TASK REQUIREMENTS:
With the pictures left out, print exactly the lines below that run from the one containing "Шорты H&M бермуды" through the one containing "Monessen Hearth KHLDV".

DATA TO PROCESS:
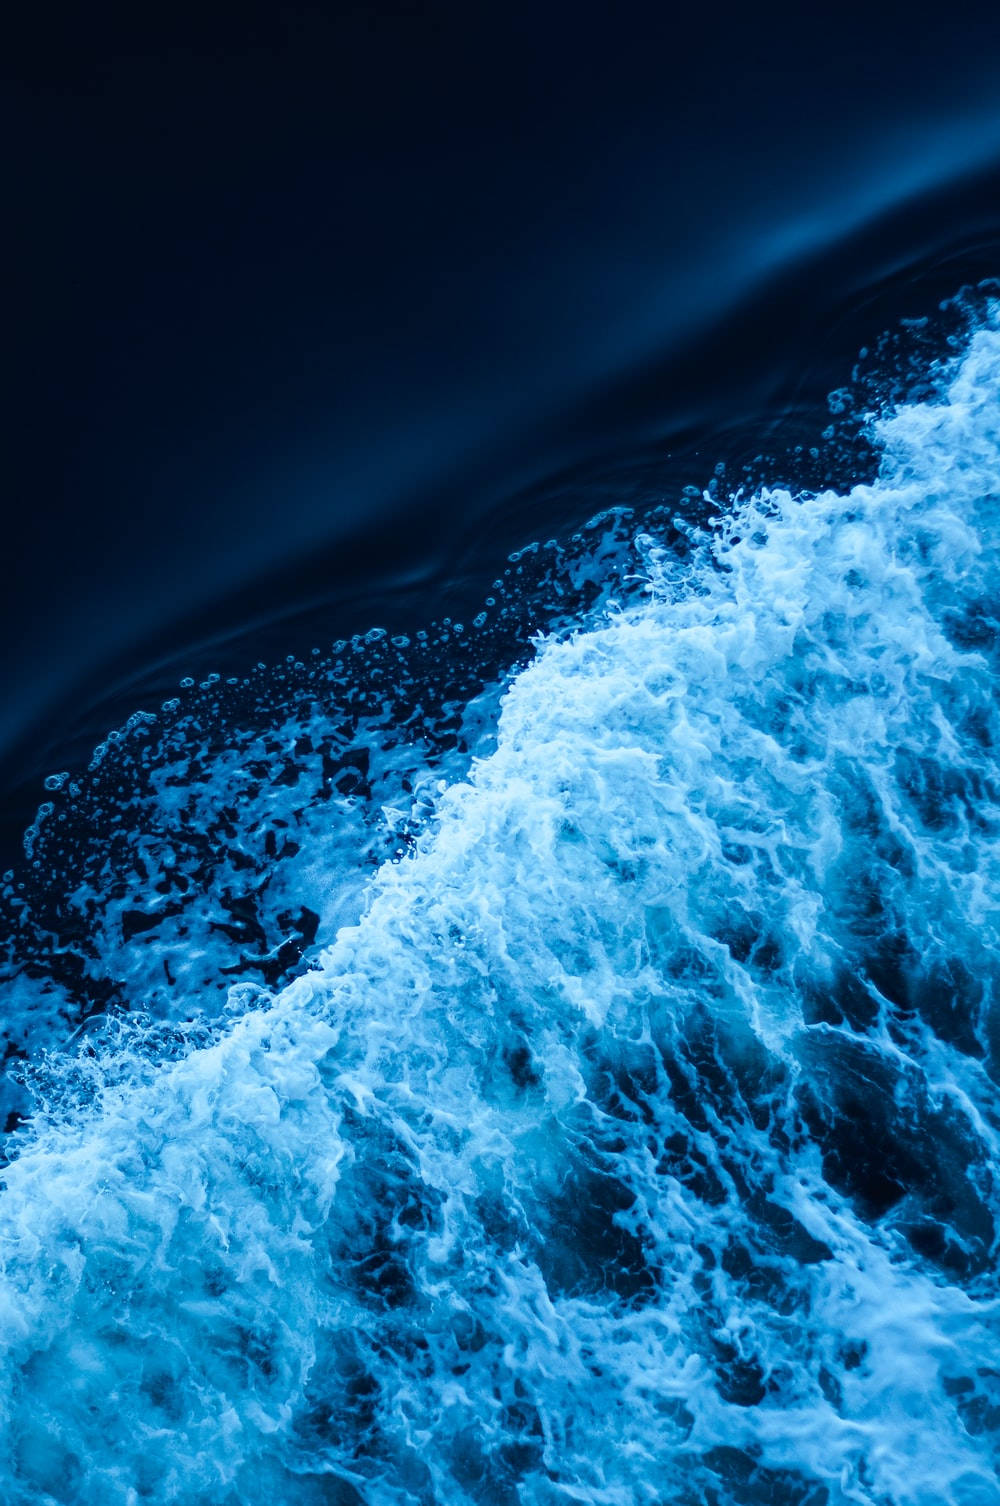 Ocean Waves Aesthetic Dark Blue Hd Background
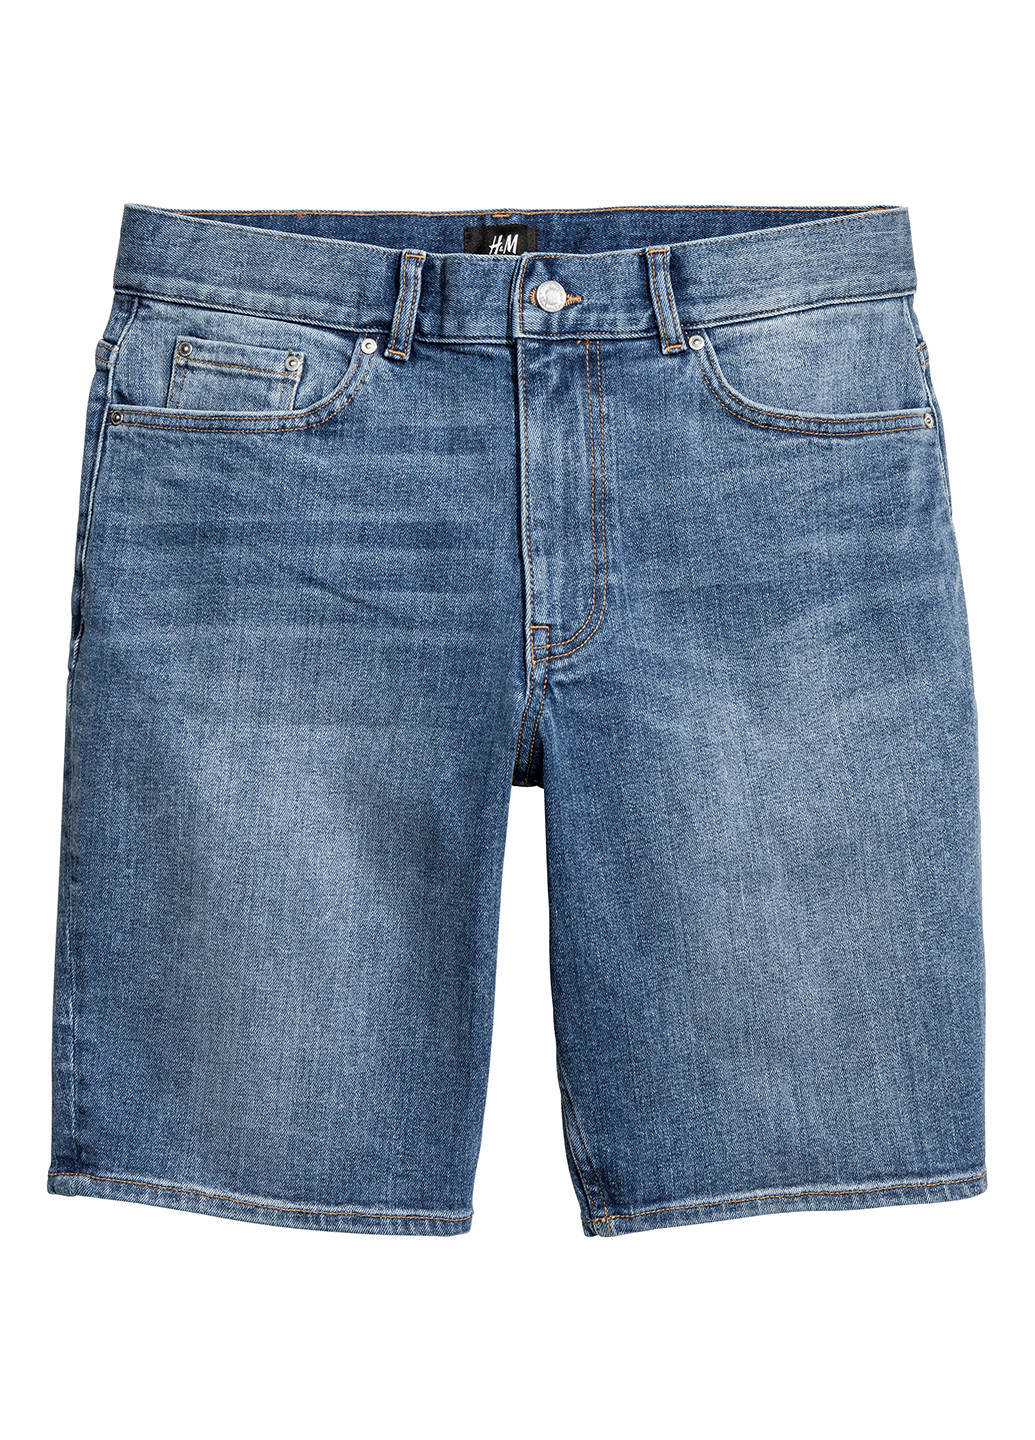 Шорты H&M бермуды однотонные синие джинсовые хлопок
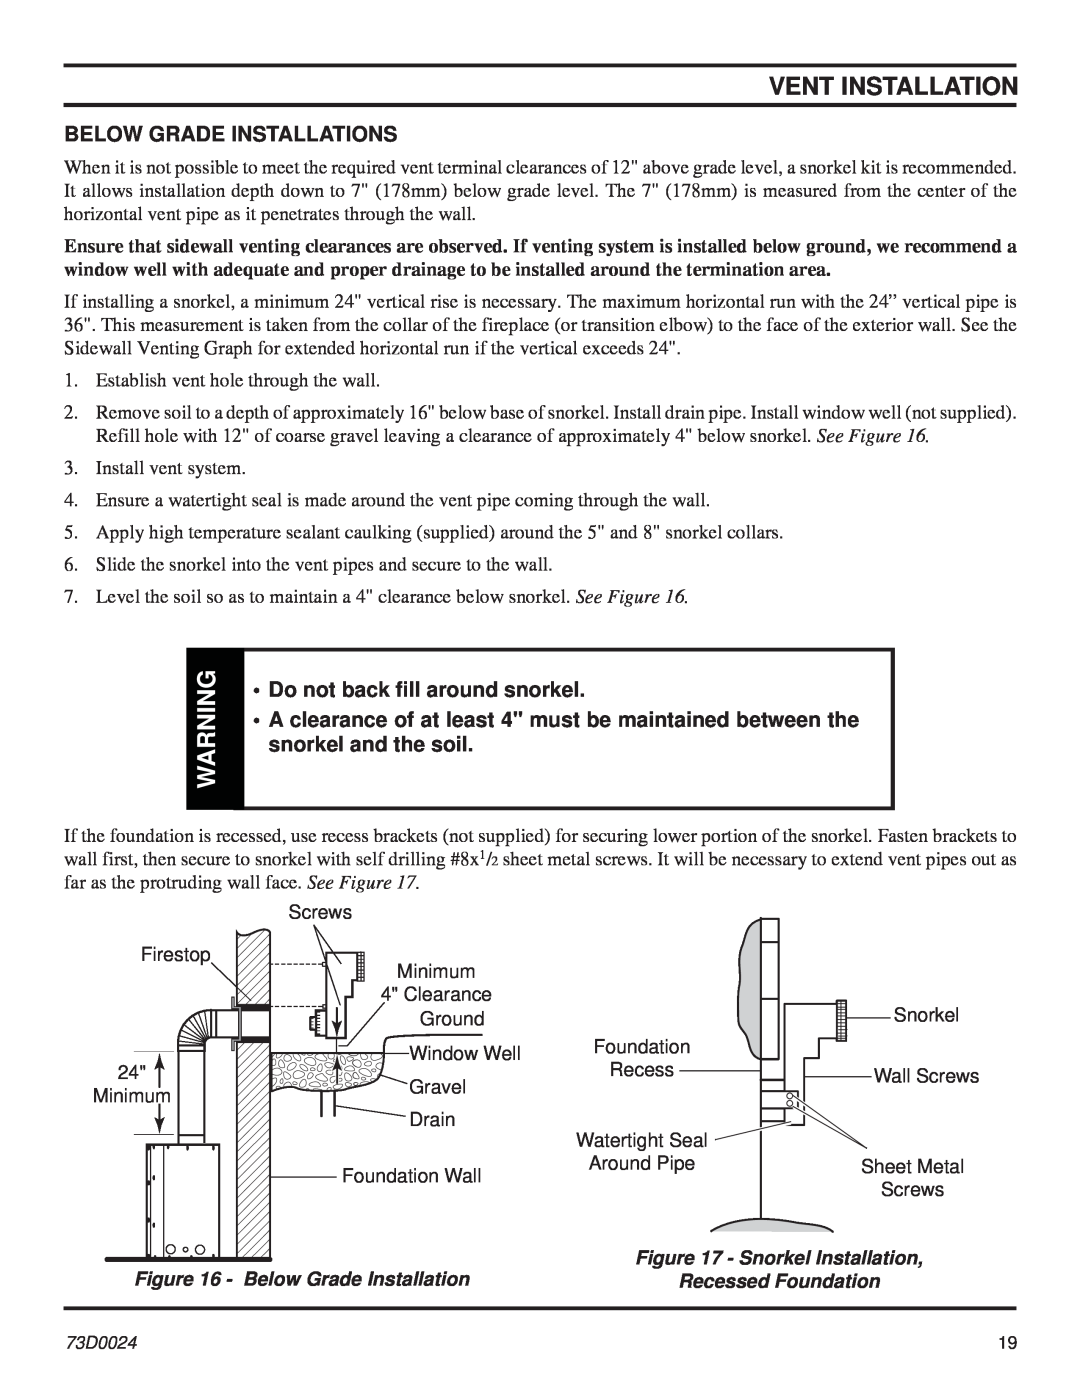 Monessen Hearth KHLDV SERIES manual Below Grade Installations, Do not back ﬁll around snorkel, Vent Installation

==

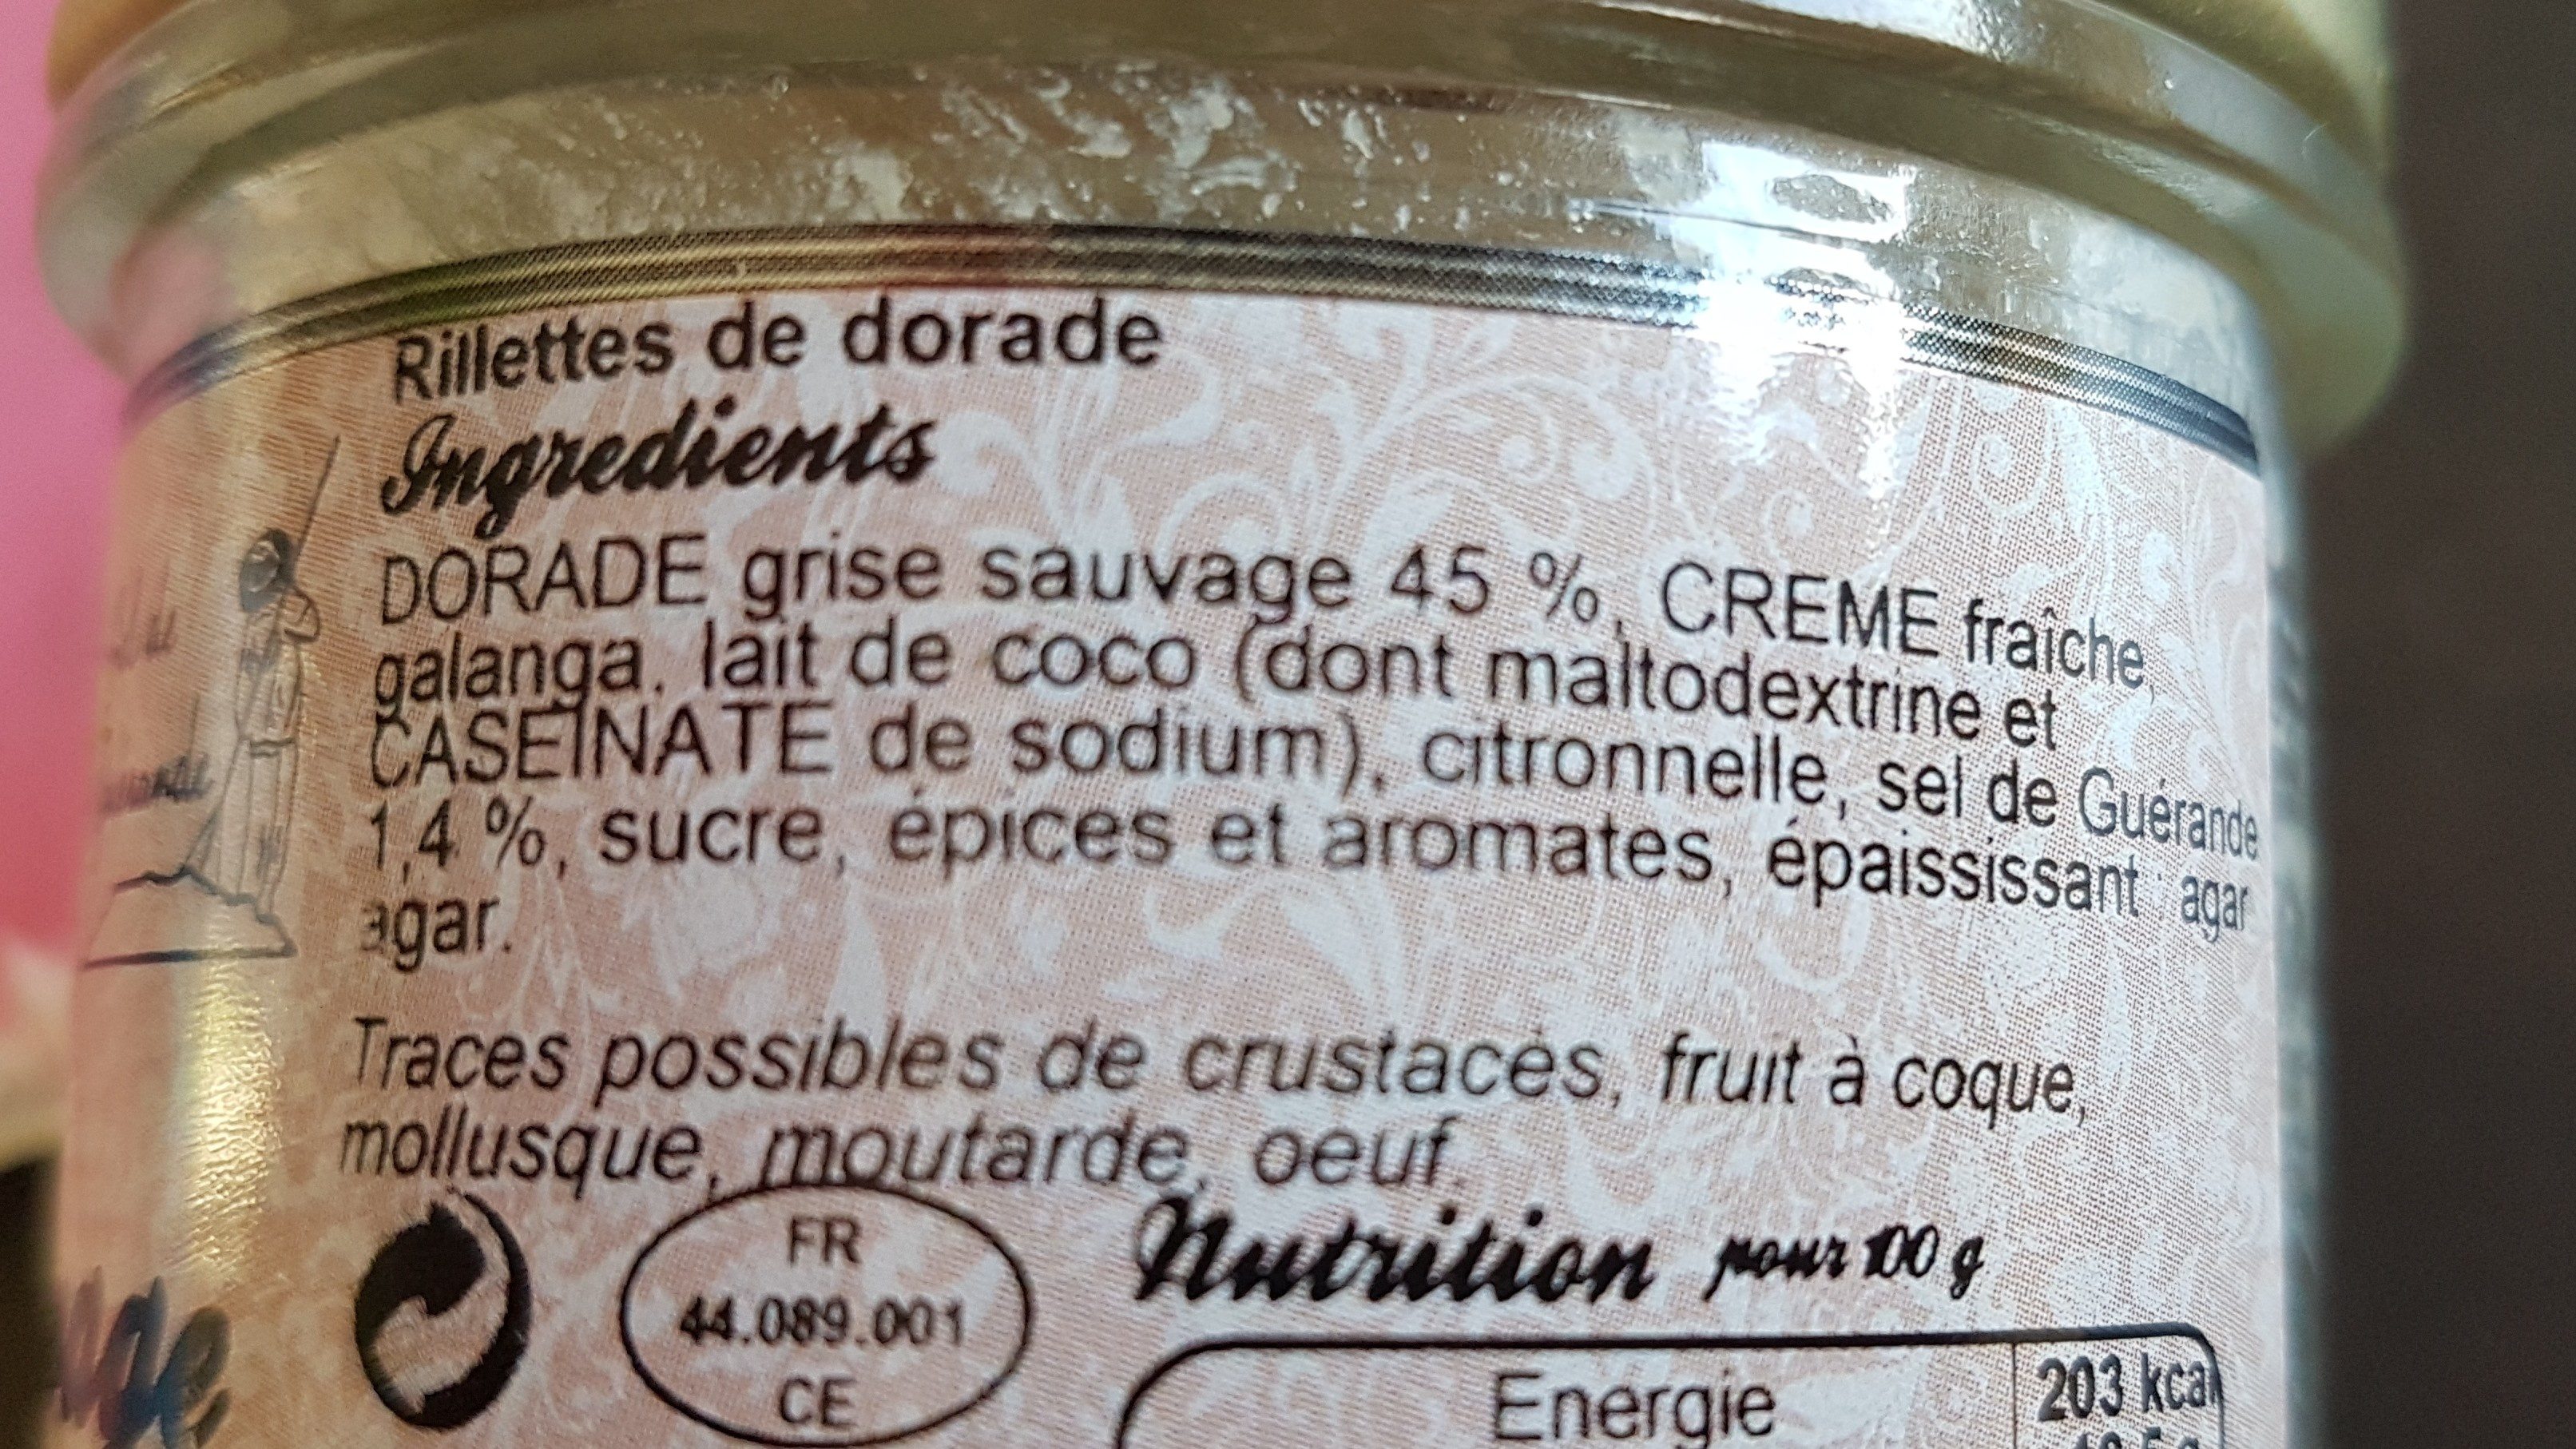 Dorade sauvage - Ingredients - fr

EXERCISE SOLUTION:
 Шорты H&M бермуды однотонные синие джинсовые хлопок
 Monessen Hearth KHLDV SERIES manual Below Grade Installations, Do not back ﬁll around snorkel, Vent Installation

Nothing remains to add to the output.